Thimphu (AsiaNews) - Instead of promoting its 'Gross
National Happiness' index' (GNH), Bhutan should "guarantee religious freedom to
the kingdom's Christians," said Sajan George, president of the Global Council
of Indian Christians (GCIC). He spoke to AsiaNews
ahead of India's 64th Republic Day (26 January) where Bhutanese King Jigme
Khesar Namgyel Wangchuck is expected. On that day, the people of India will
celebrate the country's constitution and its secular status. For the Christian
leader, it is also the right moment to talk about existing anti-conversion
laws, which are used to persecute "foreign missionaries" and small Christian
Created in 1972, the GNH is based on four pillars:
sustainable development, cultural values, natural environment and good
governance. The Centre for Bhutan Studies further developed the concept, coming
up with nine pillars with 72 objective and subjective variables to measure well-being:
time use, psychological and physical health, community vitality, cultural
variety, education level, standard of life, good governance and quality environment.
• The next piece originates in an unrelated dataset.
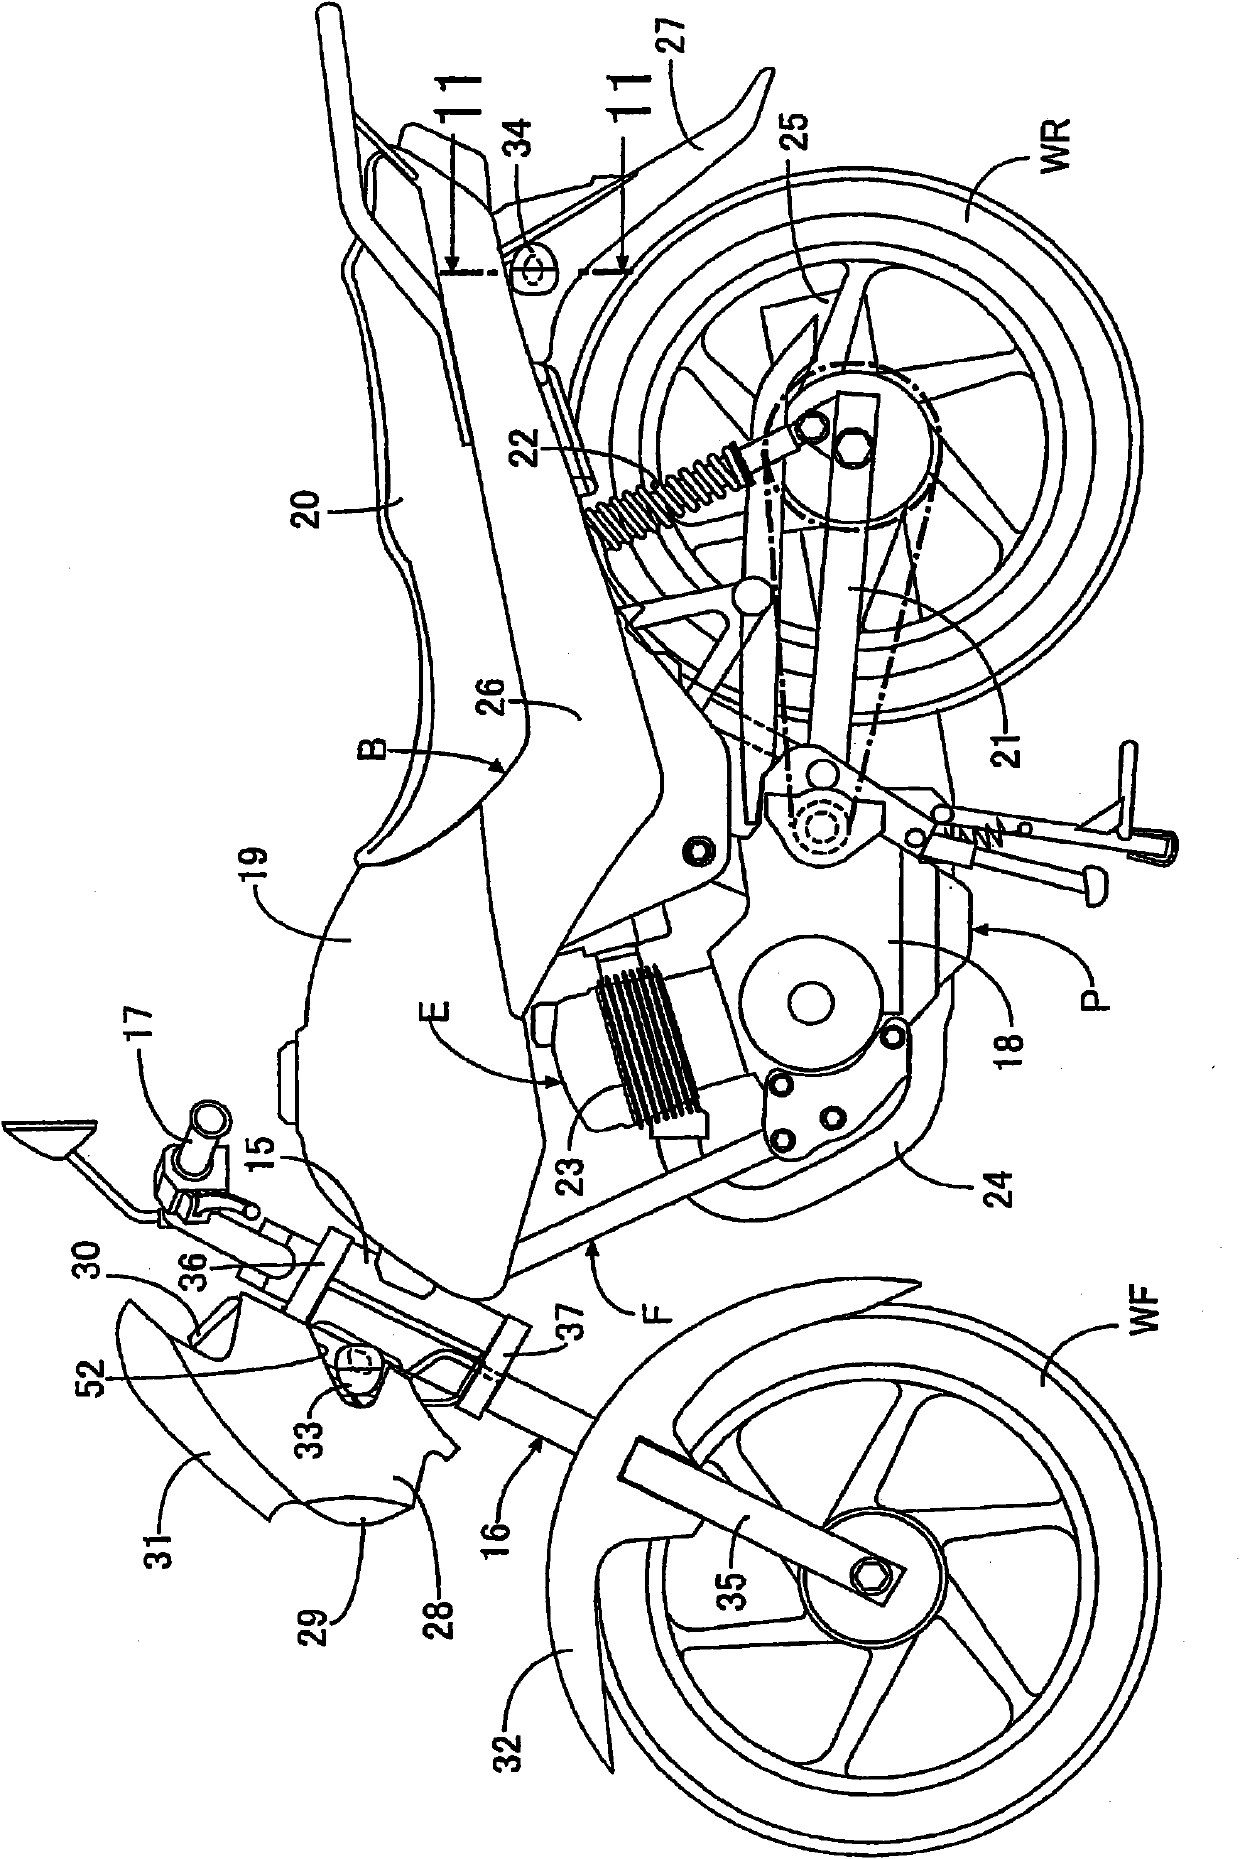 Direction indicator light mounting structure for engine driven cart

On the basis of these criteria, 66 per cent of the Bhutanese population of
742,000 is sufficiently happy.
Since 2006, the Bhutanese government has introduced
democratic reforms after centuries of absolute monarchy during which religions
other than Buddhism were banned.
In 2008, a new constitution was adopted that,
formally at least, recognised religious freedom for all Bhutanese, as long as they
informed the authorities. A few Hindu temples were thus built but Christians continue
to be denied the right to build their churches or hold Masses in public.
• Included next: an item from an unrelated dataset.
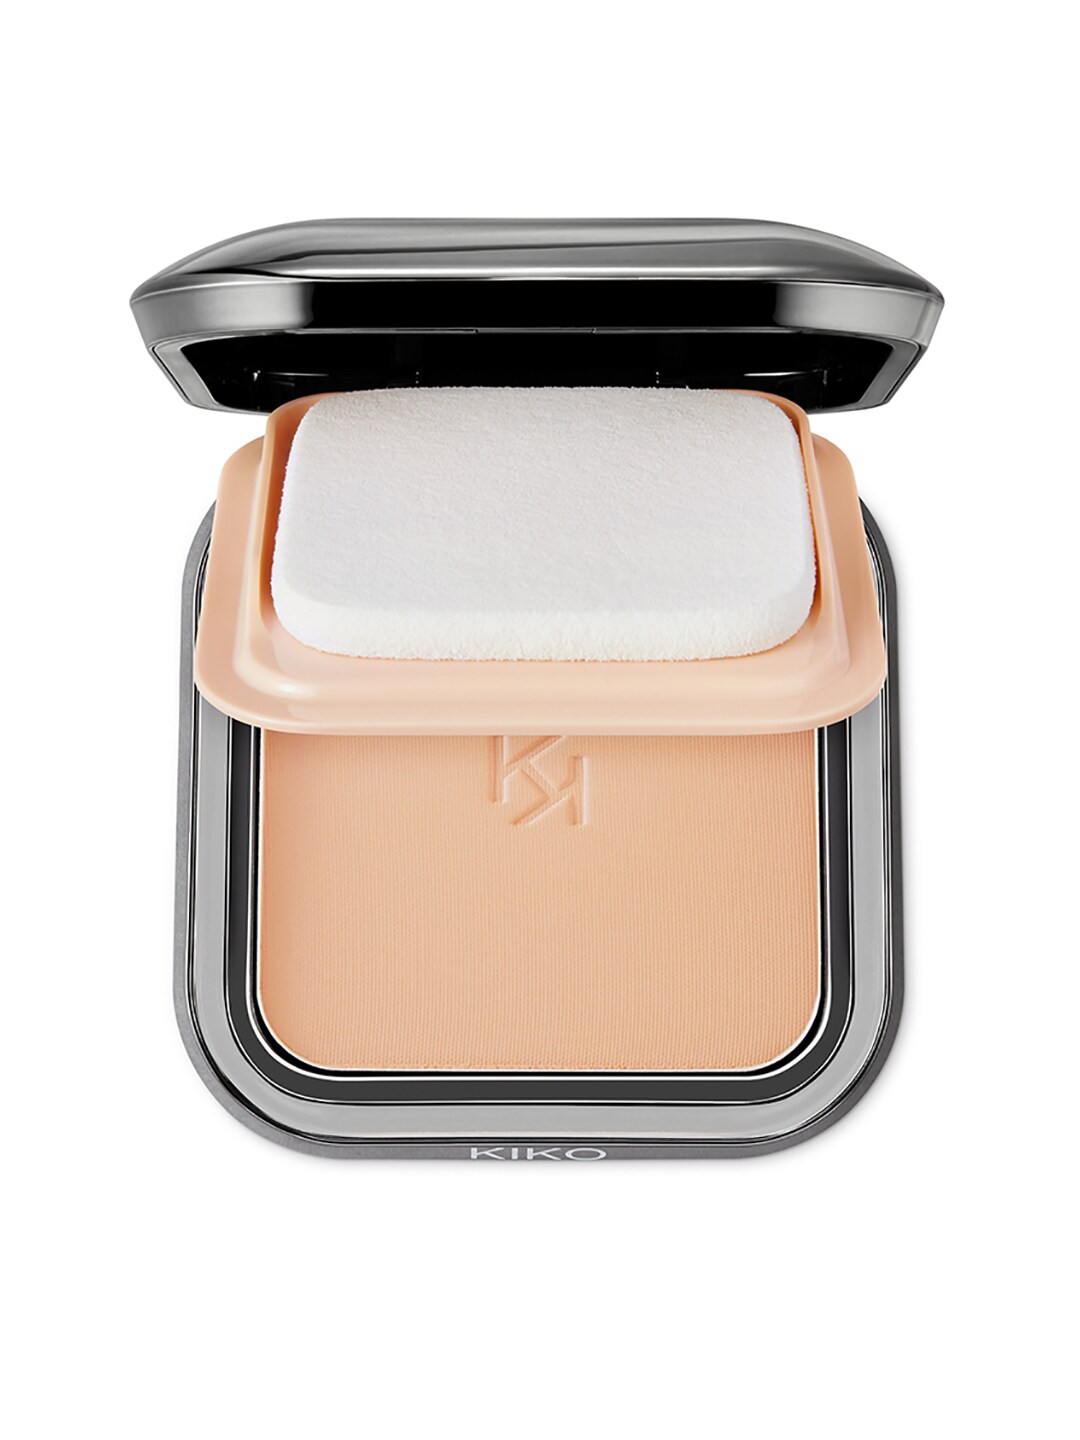 KIKO MILANO Weightless Perfection SPF 30 Wet and Dry Powder Foundation N60 Price in India

The situation has in fact worsened since anti-conversion
laws were adopted in 2010. "These laws were designed to prevent forced
conversions or the use of financial inducements to convert," said Sajan George
said. "And they impose a three-year sentence for 'proselytising'."
"As in some Indian states, these laws are being
used to persecute Christians, on the basis of false charges with regards to
forced conversions," he explained. "Often, they are used against charities as
In India, seven states have anti-conversions. They
are: Orissa, Madhya Pradesh, Chhattisgarh, Arunachal Pradesh, Gujarat,
Rajasthan and Himanachal Pradesh.
"The GNH is promoted and publicised as a
reliable indicator of development," the GCIC president noted; "however, it is a
concept, alienating loose. The kingdom has many challenges ahead, like
religious freedom, if it wants to achieve some kind of global development. As Benedict
XVI said, material progress has not made people happier or freer. True happiness
can only be found in God and faith."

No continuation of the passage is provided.